Tuesday, May 25th, 2010
Today I was writing my CEO a note on one of my fun post-its and I realized after I had given it to him, that it said, “why yes, I am overqualified” on it. Hmmm. Well, even if he thinks I’m being annoying, it’s all worth it because I have officially banned all boring office supplies for the amazing creations of Anne Taintor!
I have been using her cool vintage paper etc. for years, without ever knowing the story behind it. But today, as Kelly and I passed back notes on our jocular little post-its, I decided to Google them and discover the story behind the 1950s housewives and their sardonic sayings. It turns out that all those pin-curled beauties come from the mind of Anne Taintor, a Harvard grad who lives in a town of 80 people in New Mexico. On her website it says that in college she “focused on collage, and her work always incorporated a subtle humor and playfulness.” Really? Collage at Harvard? I love this woman! Who knew Harvard even offered anything but history of old dead men. Plus, anything that can make a post-it note more interesting and inspires me to do my hair while also mildly insulting people, really is a good thing.
This one is a personal favorite. We had a total lunatic call the office today.

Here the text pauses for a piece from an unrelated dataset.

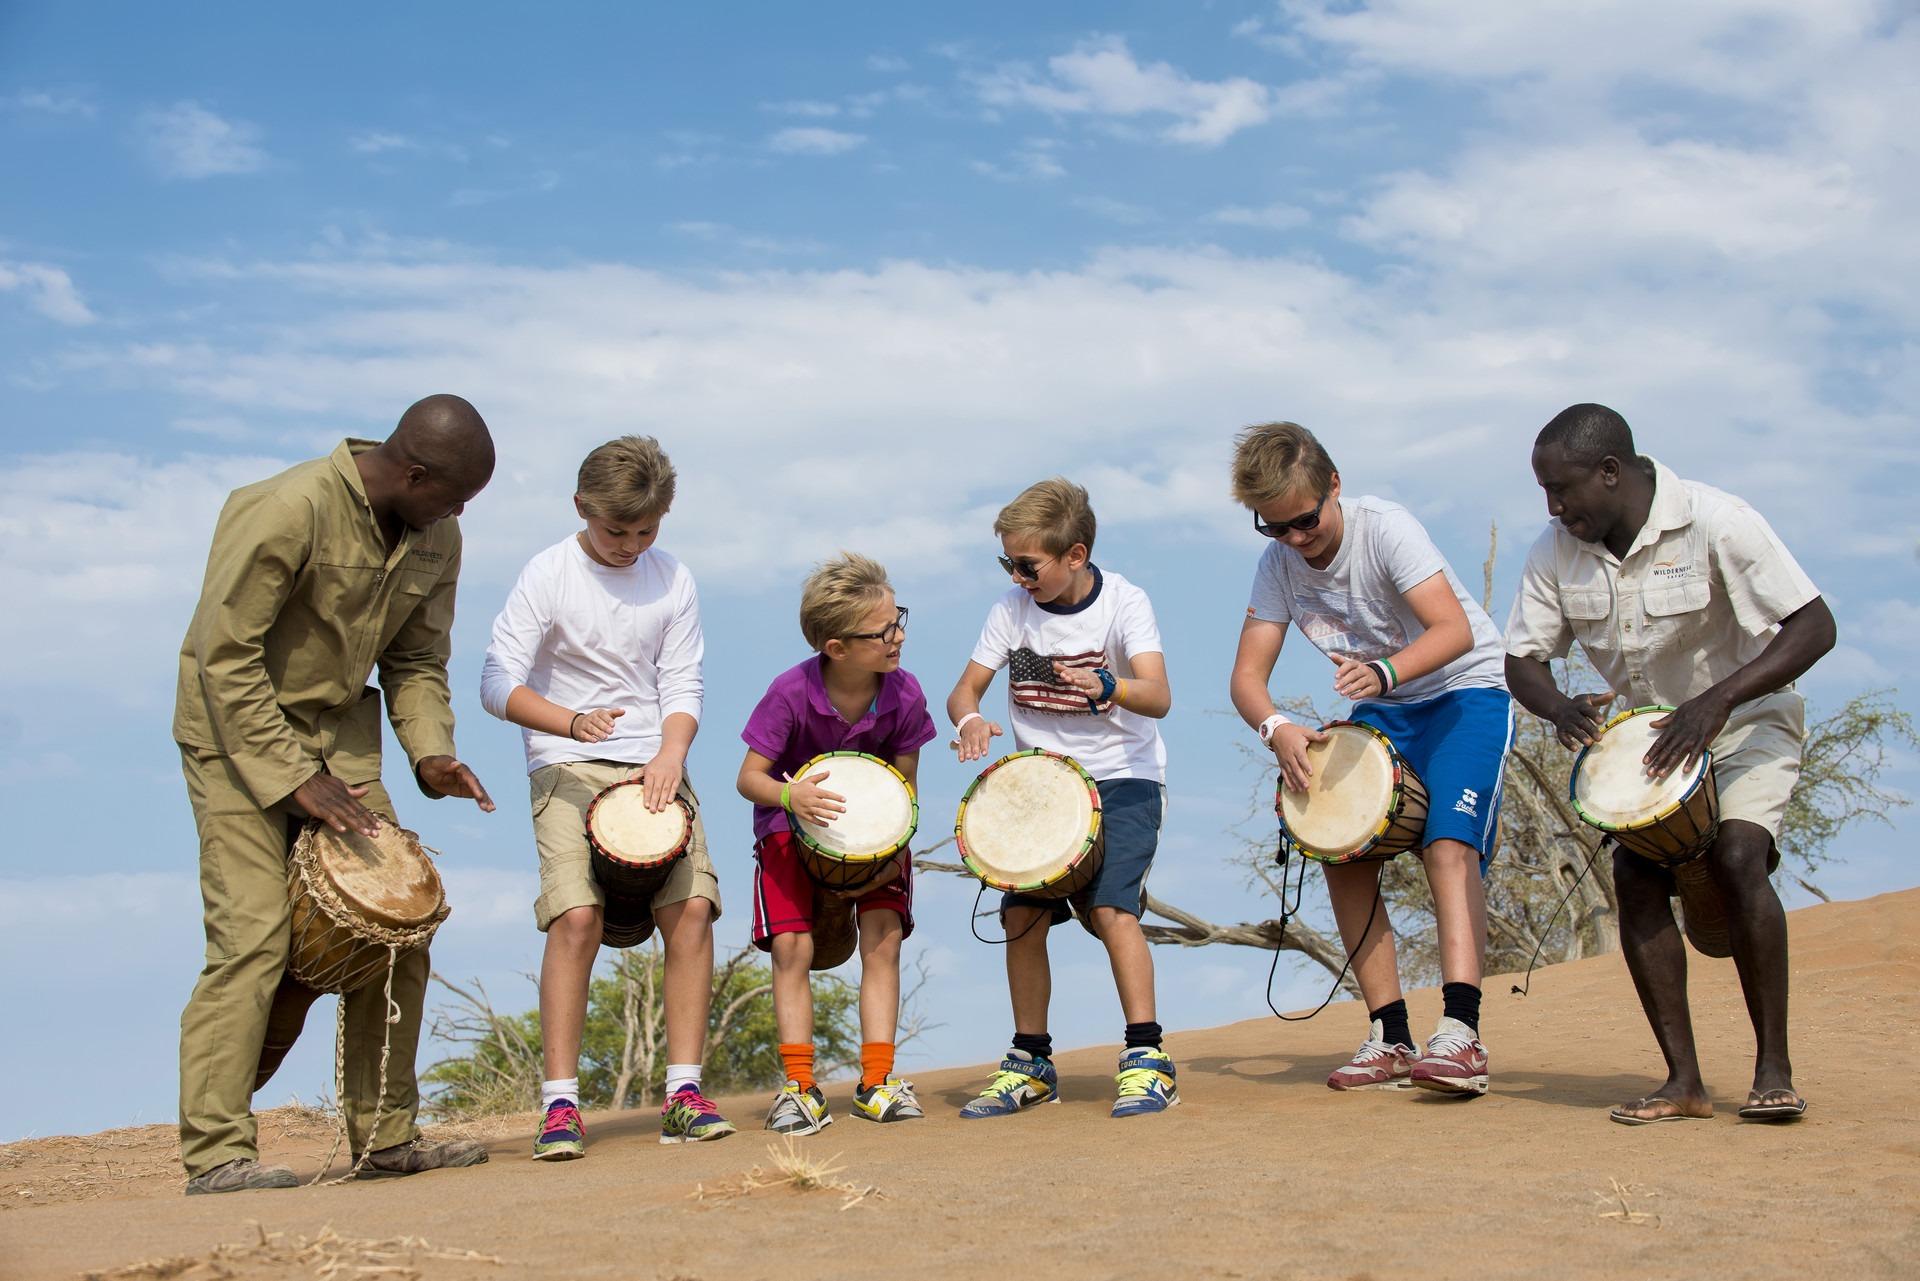 wyprawy-Namibia-z-Mozmbikiem-safari-z dziećmi.

Ali decided to hang up the phone after he asked her why she loved Ali McBeal and mentioned "metaphysical tunnels." I imagine he looked a bit like the man pictured above.
We are on deadline, which means I type out articles as fast as humanly possible while daydreaming about my boyfriend oiled up and mowing the lawn in his underwear or something like that.
Thursday, March 18th, 2010
Who needs green beer? Last night Grey and I joined Karin and our friend Amy for the finale dinner of the Capital Wine Fest. Despite being St. Patty’s Day, there wasn’t anything Irish about it — but we had a fancy meal out and a babysitter, so they could have served cocktail weenies and I wouldn’t have cared.
The five course spread was hosted by Dan Duckhorn, owner and founder of Duckhorn Wine Company in Napa Valley. This is a guy who pretty much has everyone’s ideal job: drinking wine and traveling the world. He’s known as “Mr. Merlot” (uh, dream title, right?!) and he produces over 100,000 cases of vino with names like “Decoy” and “Migration” per year.
Aside from liking Dan simply because he has a great name (he sounds like a mallard superhero or preppy adult film star), I also LOVED listening to him uncork tons of interesting tidbits about wine. For instance, did you know pinot noir wasn’t that popular until the movie Sideways? Or that wine snobs say, “ABC: anything but chardonnay?” He explained about the legs and body of the wine and for a girl who thought Coates Law of Maturity was something related to the Periodic Table, I was thoroughly impressed!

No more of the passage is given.